--- Input data ---

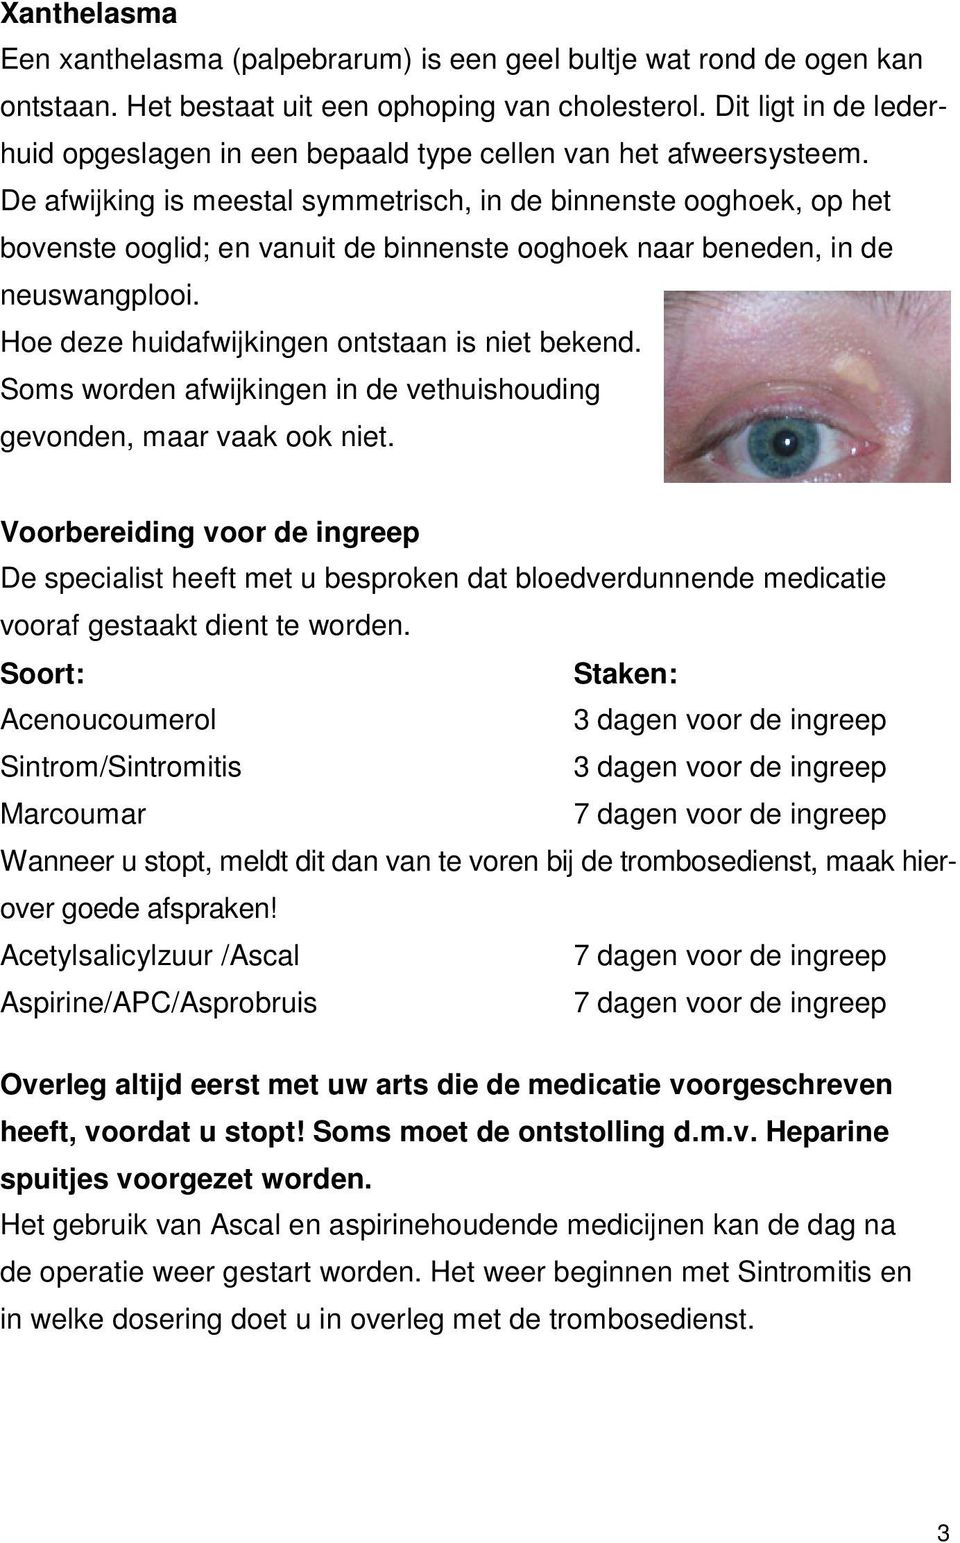 De afwijking is meestal symmetrisch, in de binnenste ooghoek, op het bovenste ooglid; en vanuit de binnenste ooghoek naar beneden, in de neuswangplooi.
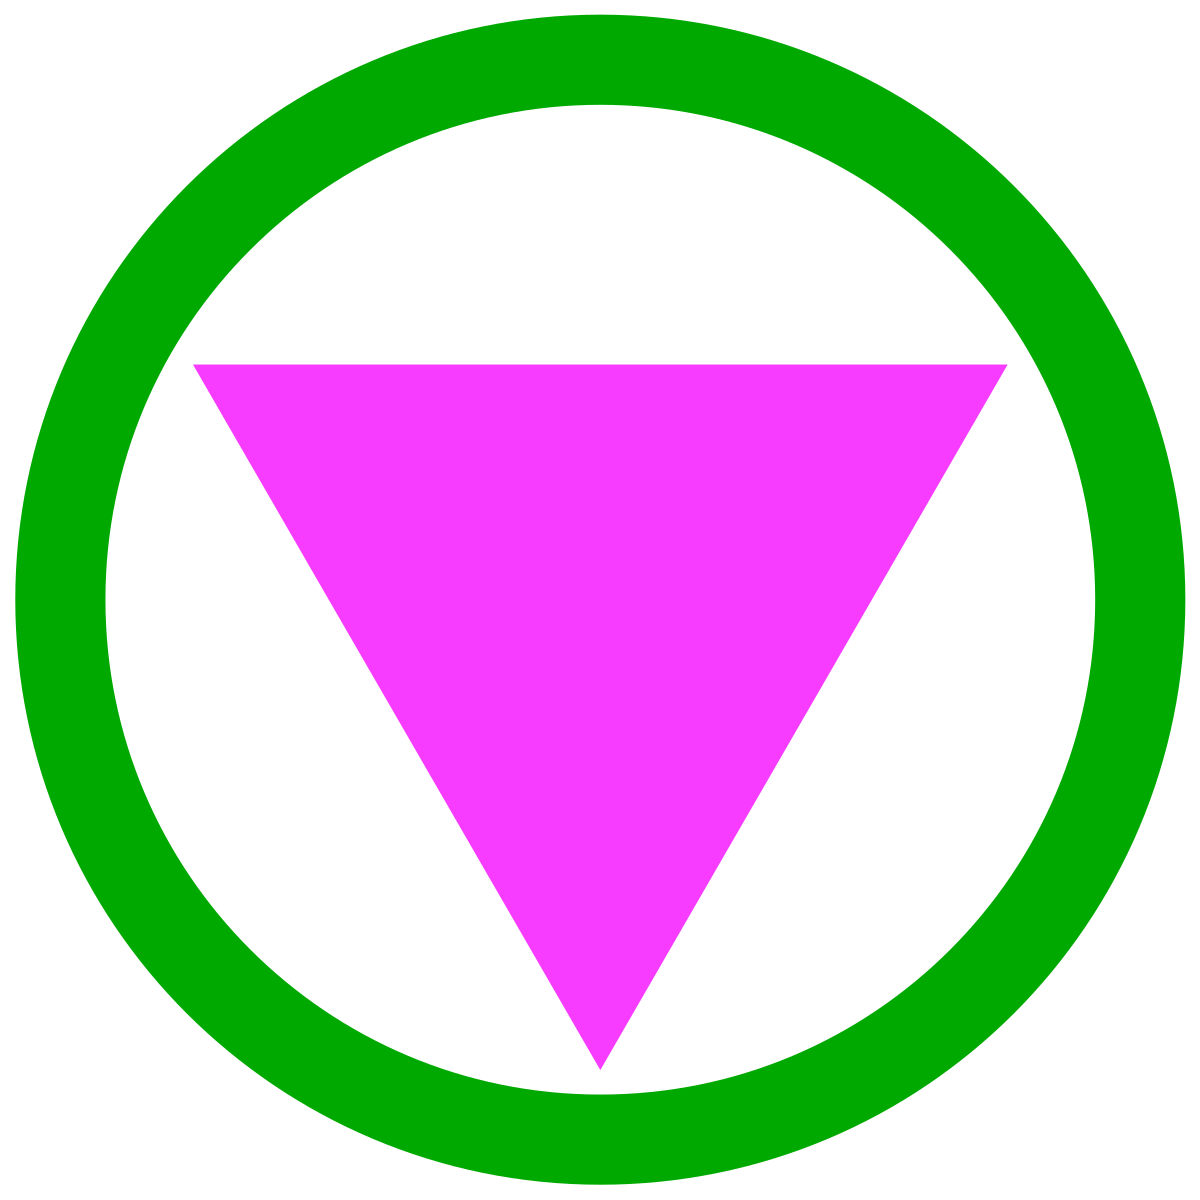 groen-roos symbool geïntroduceerd op anti-homophobia workshops tijdens de opkomst van de safe(r) spaces beweging
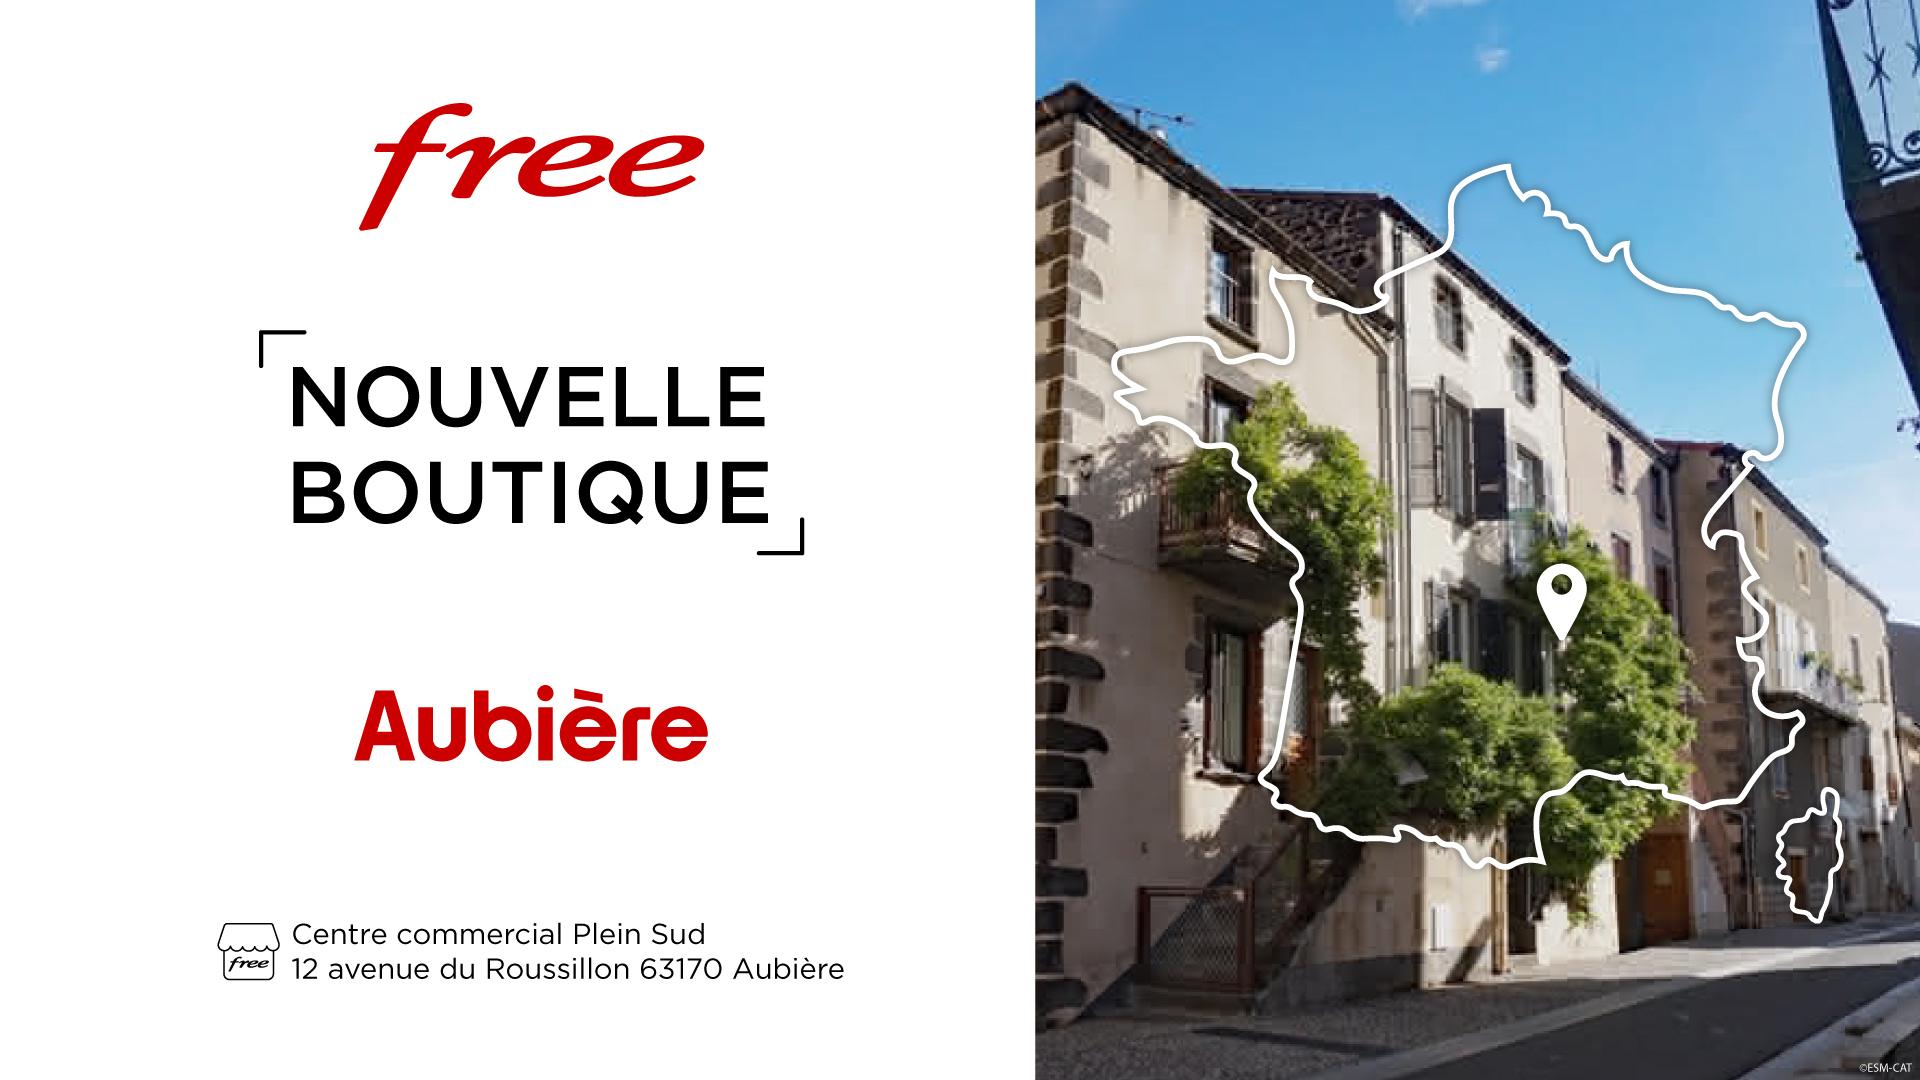 Découvrez la nouvelle boutique Free d’Aubière

---

> [What needs to be done]:
Exactly the lines running from the one with "groen-roos symbool geïntroduceerd" through the end of the listing above must be output, both ends included. No pictures belong in the output.

> [Exercise output]:
 groen-roos symbool geïntroduceerd op anti-homophobia workshops tijdens de opkomst van de safe(r) spaces beweging
 Découvrez la nouvelle boutique Free d’Aubière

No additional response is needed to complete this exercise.